The commercial real estate market in Utah continues to strengthen according to the third quarter Marketbeat report from Cushman & Wakefield Commerce.

While the investment, retail and industrial markets all reporting a strong quarter, the office market was a standout as nearly 16,000 jobs have been added over the past year alone.

“The growth of Salt Lake’s office market is significantly changing as we approach the end of 2016,” said Trigger Reital, market leader and managing director of the Cushman & Wakefield Commerce Salt Lake City office. “The third quarter saw large construction completions and projects, primarily 111 Main, that will add several hundred-thousand square feet to the market. We expect this inventory to provide opportunities for companies looking to grow. This is all happening while the investment market is on par to be another record-breaking year. We could see investment sales top the $2 billion mark for the first time ever in Utah.”

The vacancy rate of 11.4 percent was unchanged from the second quarter and more than 131,000 square feet were absorbed during the third quarter. As such, the overall asking rate rose to $23.09 square feet, which increased 3.2 percent year-over-year. Two construction completions in Draper entered the office market this quarter, Vista Station 7 and The Point I, who together added 200,000 square feet of Class A space to the Southeast submarkets. With the completion of these buildings, there is still nearly 1.4 million square feet under construction.

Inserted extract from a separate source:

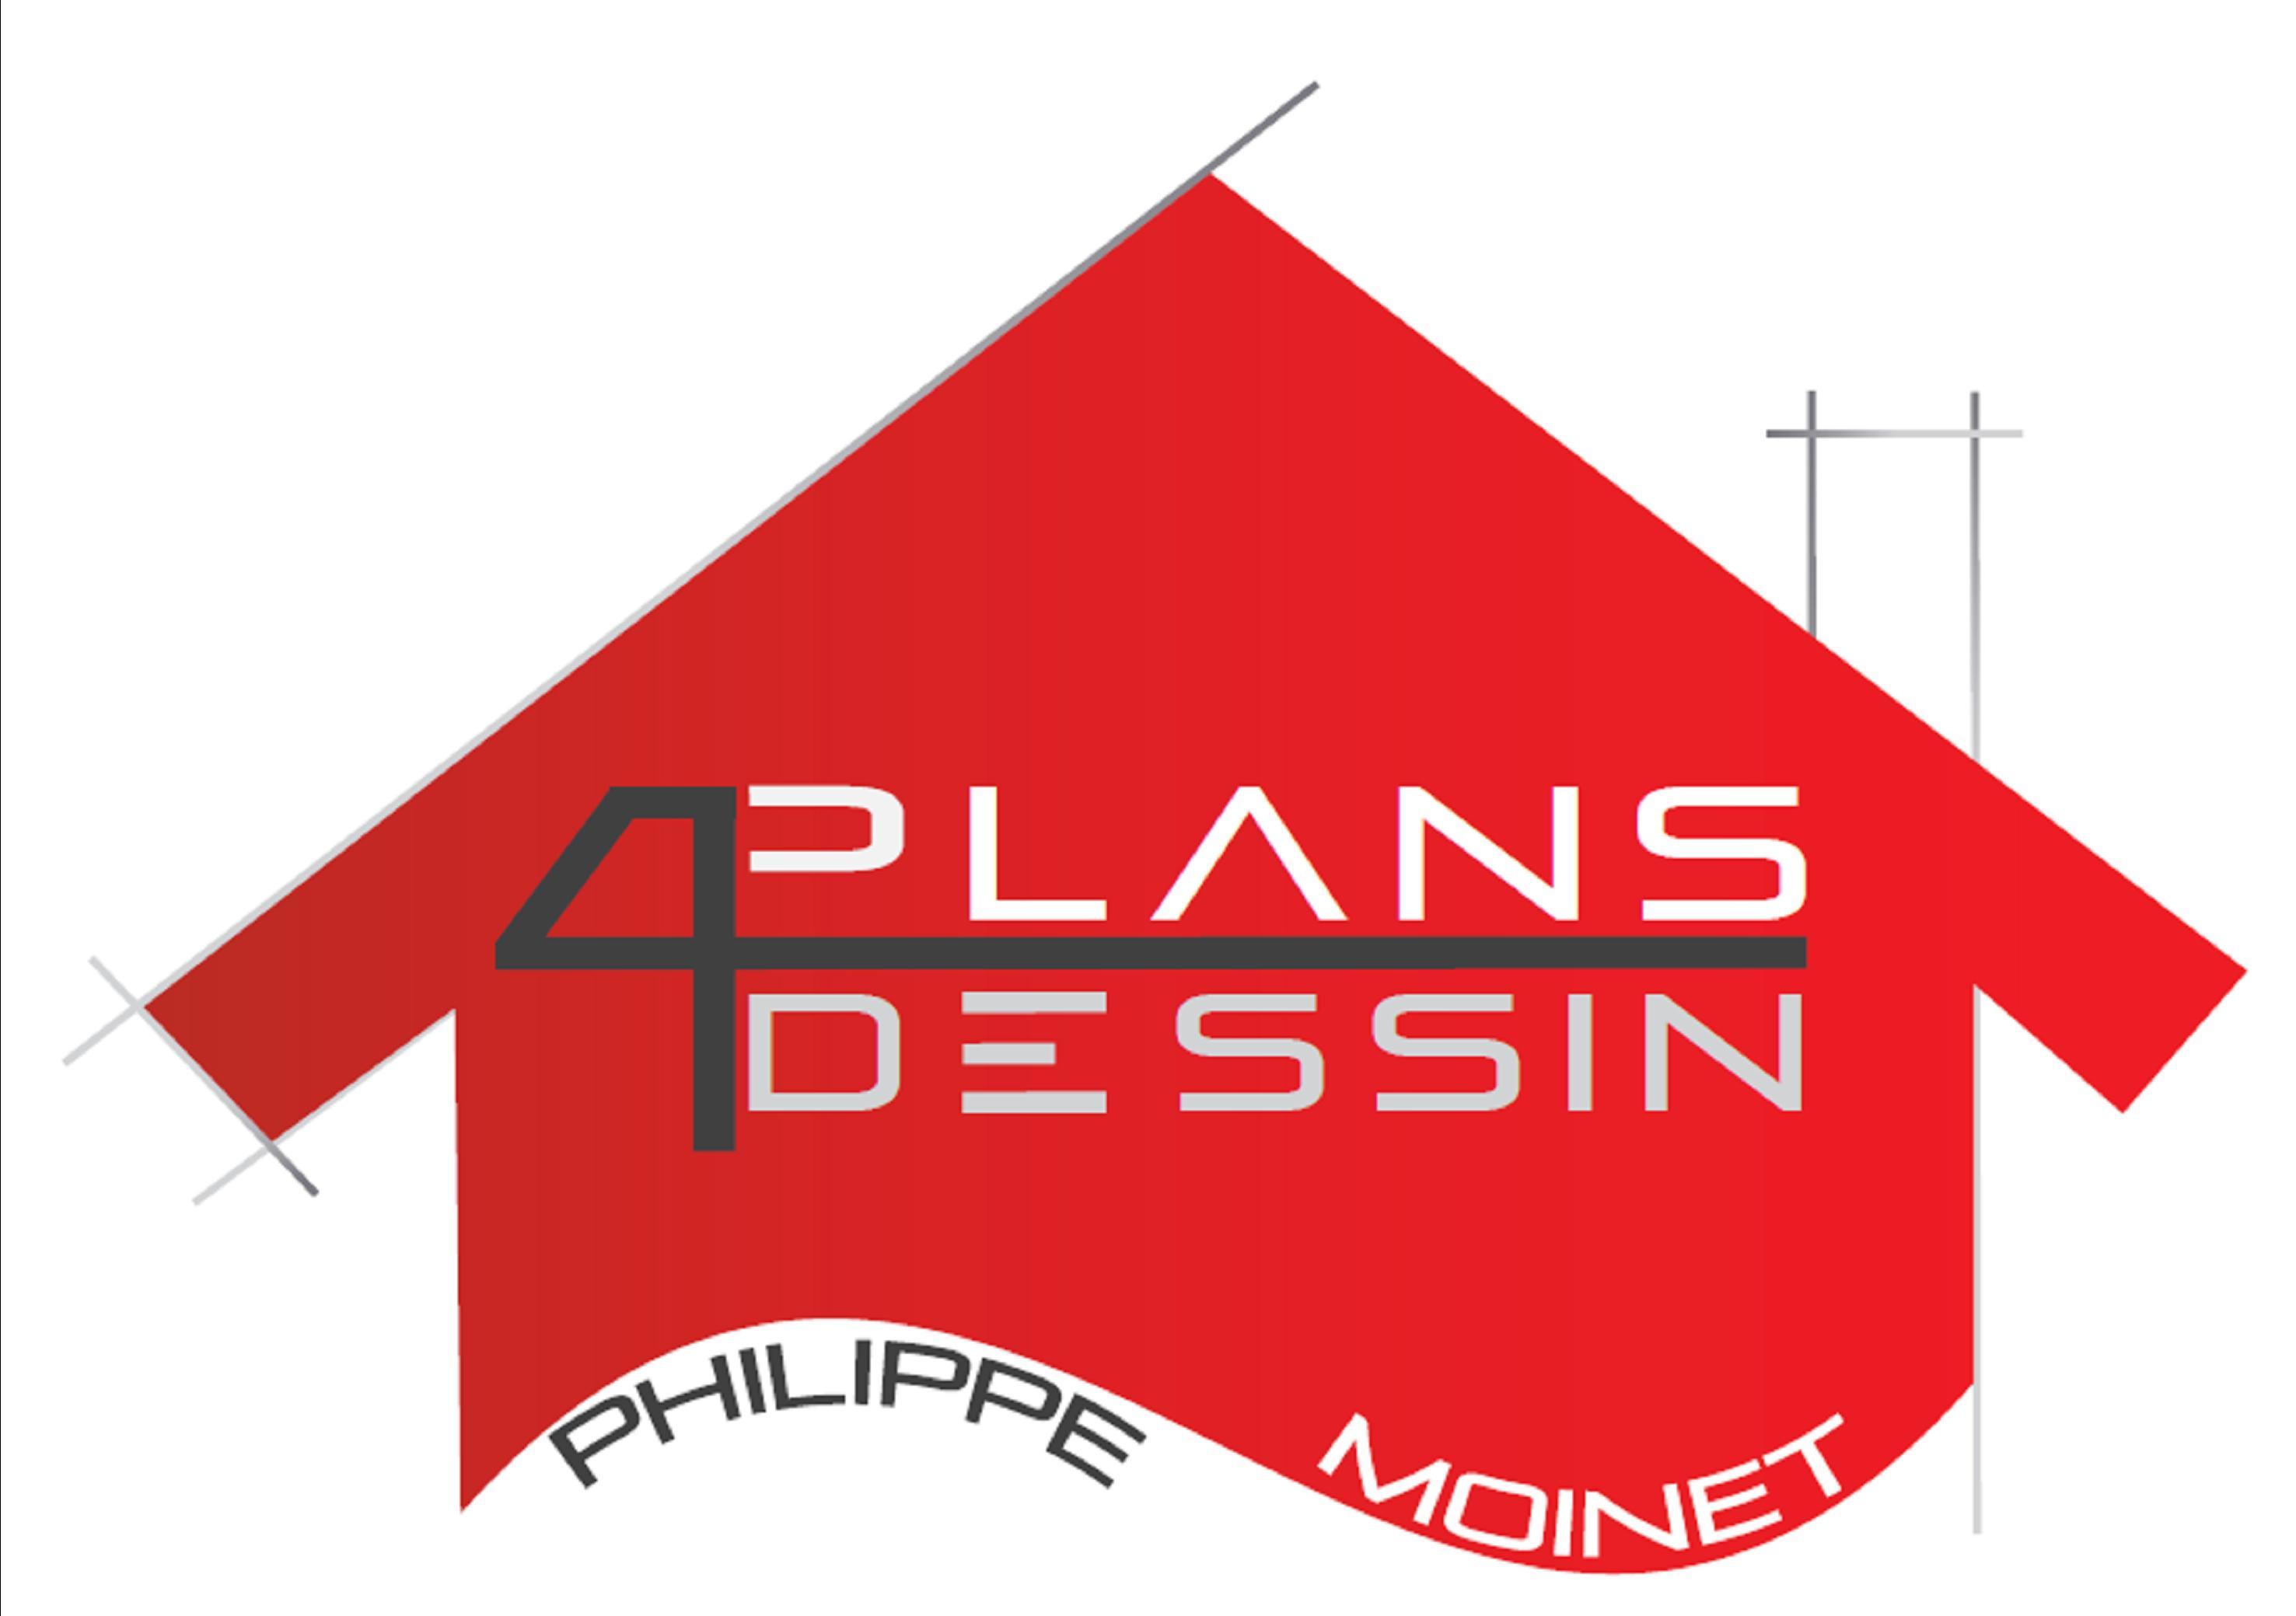 Logo de MOINET PHILIPPE - PLANS DESSINS, société de travaux en Architecte (construction ou rénovation de maisons individuelles)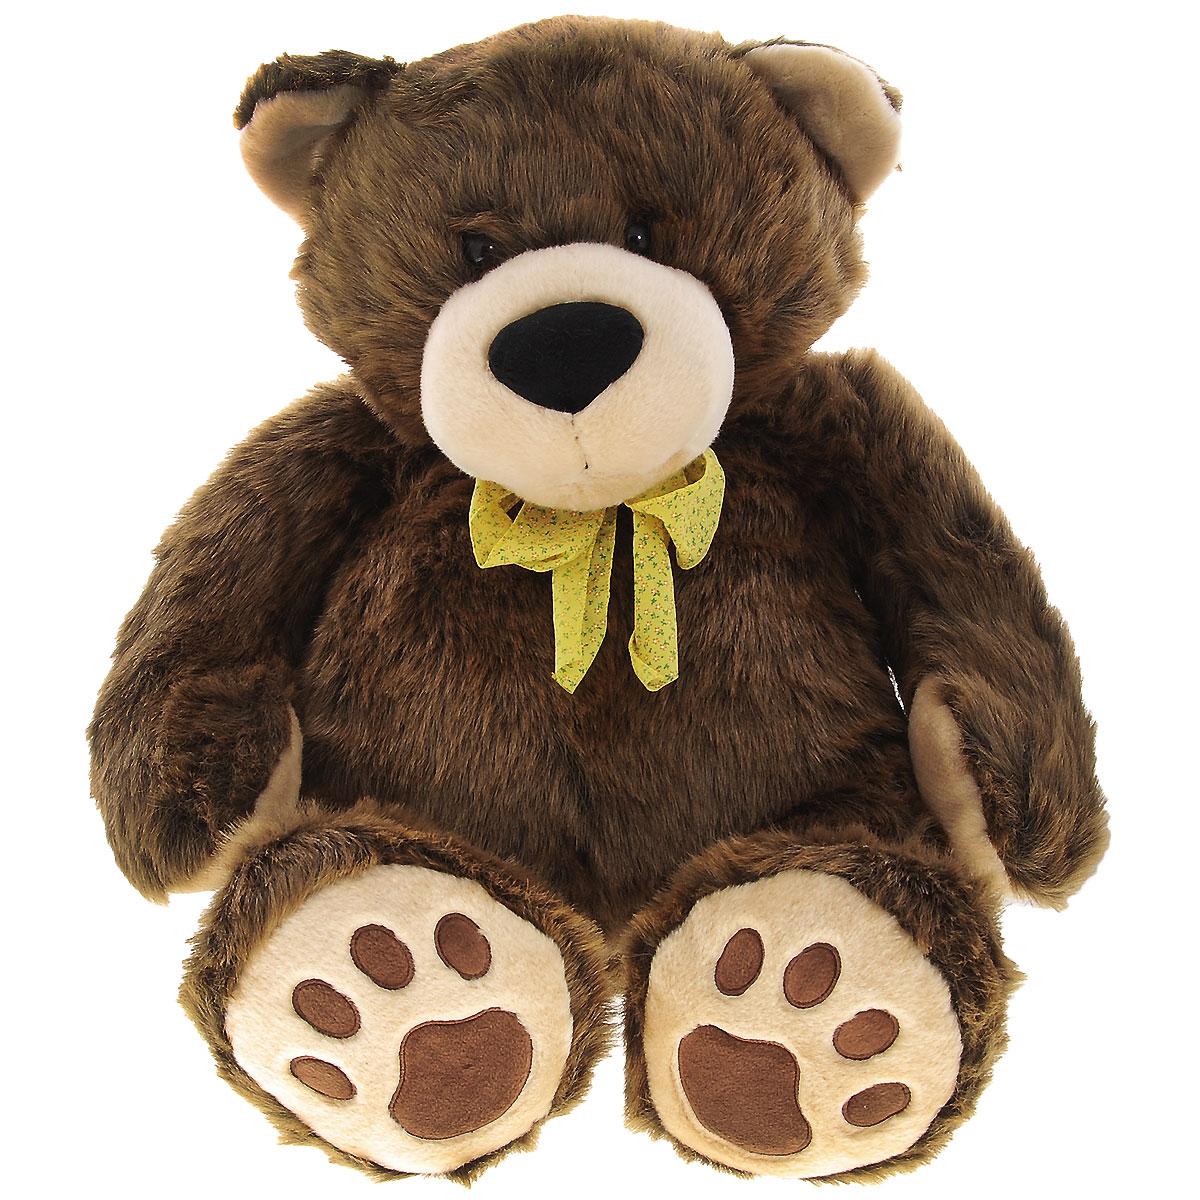 Мягкая игрушка Plush Apple Медведь, цвет: коричневый, 75 см грелки warmies cozy plush игрушка грелка змея

The investment market, like office, has also seen significant growth in the third quarter. With more than $1.54 billion in investment sales year-to-date, the volume is set to break last years $1.88 billion record and potential reach $2 billion for the first time in the state’s history.

The industrial market saw more than 780,000 square feet of absorption in the third quarter and vacancy climbed to 7.5 percent to 7.2 percent. The average transaction size is up 8 percent year-over-year with 160 transactions. Development was a major driver with more than 1.5 million square feet of completed construction. The retail market did not report any significant new inventory and vacancy fell to 5.3 percent while the average asking rate rose more than 3.1 percent year-over-year.